Para onde a WFA está olhando hoje?
Queremos levar os profissionais de marketing a abraçar questões da sociedade para impulsionar o crescimento. Há uma área específica que vamos analisar que é a eficácia criativa porque a nossa indústria depende da criatividade para levar as pessoas a adotarem as nossas marcas. Quando você analisa a criatividade nos últimos anos, percebe que diminuiu gradualmente na maioria dos mercados por várias razões, mas principalmente porque cada vez mais a publicidade não é sobre a construção de marca, é sobre performance, é sobre promoção de vendas a curto prazo. Isso também está ligado ao fato de que a evolução dos gastos com mídia em direção ao digital aumentou a natureza promocional de mais curto prazo da publicidade. Queremos ver o que podemos fazer como marcas para aumentar novamente a eficácia criativa da publicidade. Como podemos nos tornar melhores líderes de marca e incentivar criativos que construam marcas de forma mais eficaz ao longo do tempo. Essa é uma grande agenda e acreditamos que a eficácia criativa pode ser aumentada incentivando mais diversidade em nossas equipes. E isso está ligado à agenda de sociedade da nossa indústria.

Hoje nós temos uma situação econômica complexa em várias partes do mundo e, normalmente, as marcas investem ações mais promocionais neste cenário. Como implementar essa agenda?

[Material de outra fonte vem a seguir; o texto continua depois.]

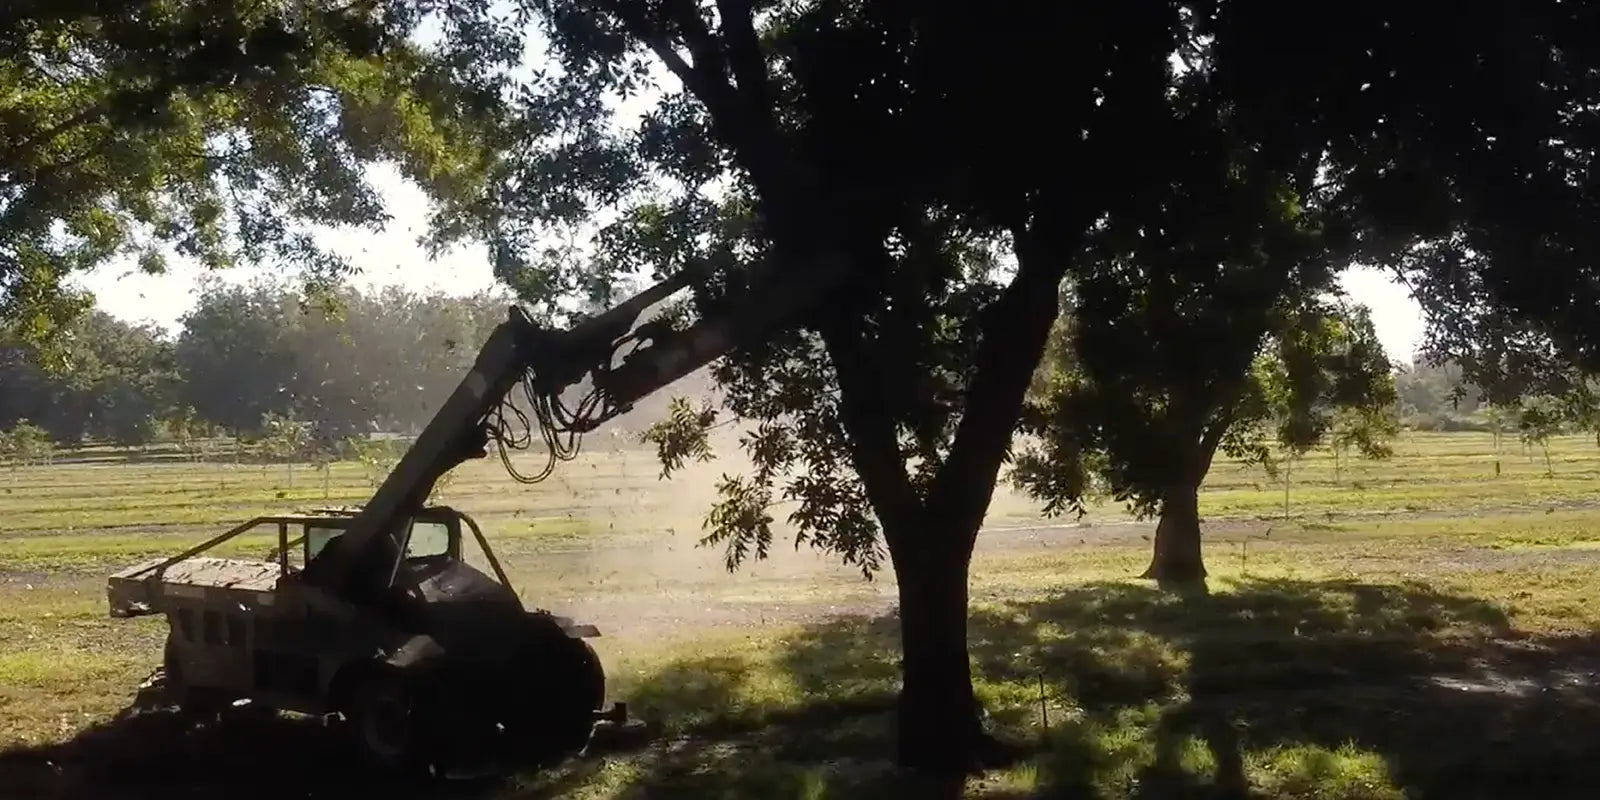 Pecan trees being shaken by specialized machinery

Essa é a reação de curto prazo para muitas empresas porque elas têm porque precisam entregar resultados trimestrais, mas sabemos que as reações de curto prazo não são a decisão mais inteligente no longo prazo. Portanto, queremos que os profissionais de marketing apreciem melhor a necessidade de equilibrar a construção da marca e o marketing de performance de curto prazo. Achamos que isso é indispensável para recuperar a magia de nossa indústria, porque parte da razão pela qual nossa indústria está se tornando menos atraente também é que muito do trabalho criativo de curto prazo não é mais tão atraente. É um ganha-ganha-ganha. Primeiro, você quer ter certeza de que, a longo prazo, será mais eficaz como setor; segundo, estará criando anúncios mais atraentes para os consumidores e, portanto, eles não desejarão bloquear seus anúncios; e terceiro, vai querer fazer de uma maneira que seja mais sustentável no longo prazo, mais diverso e inclusivo.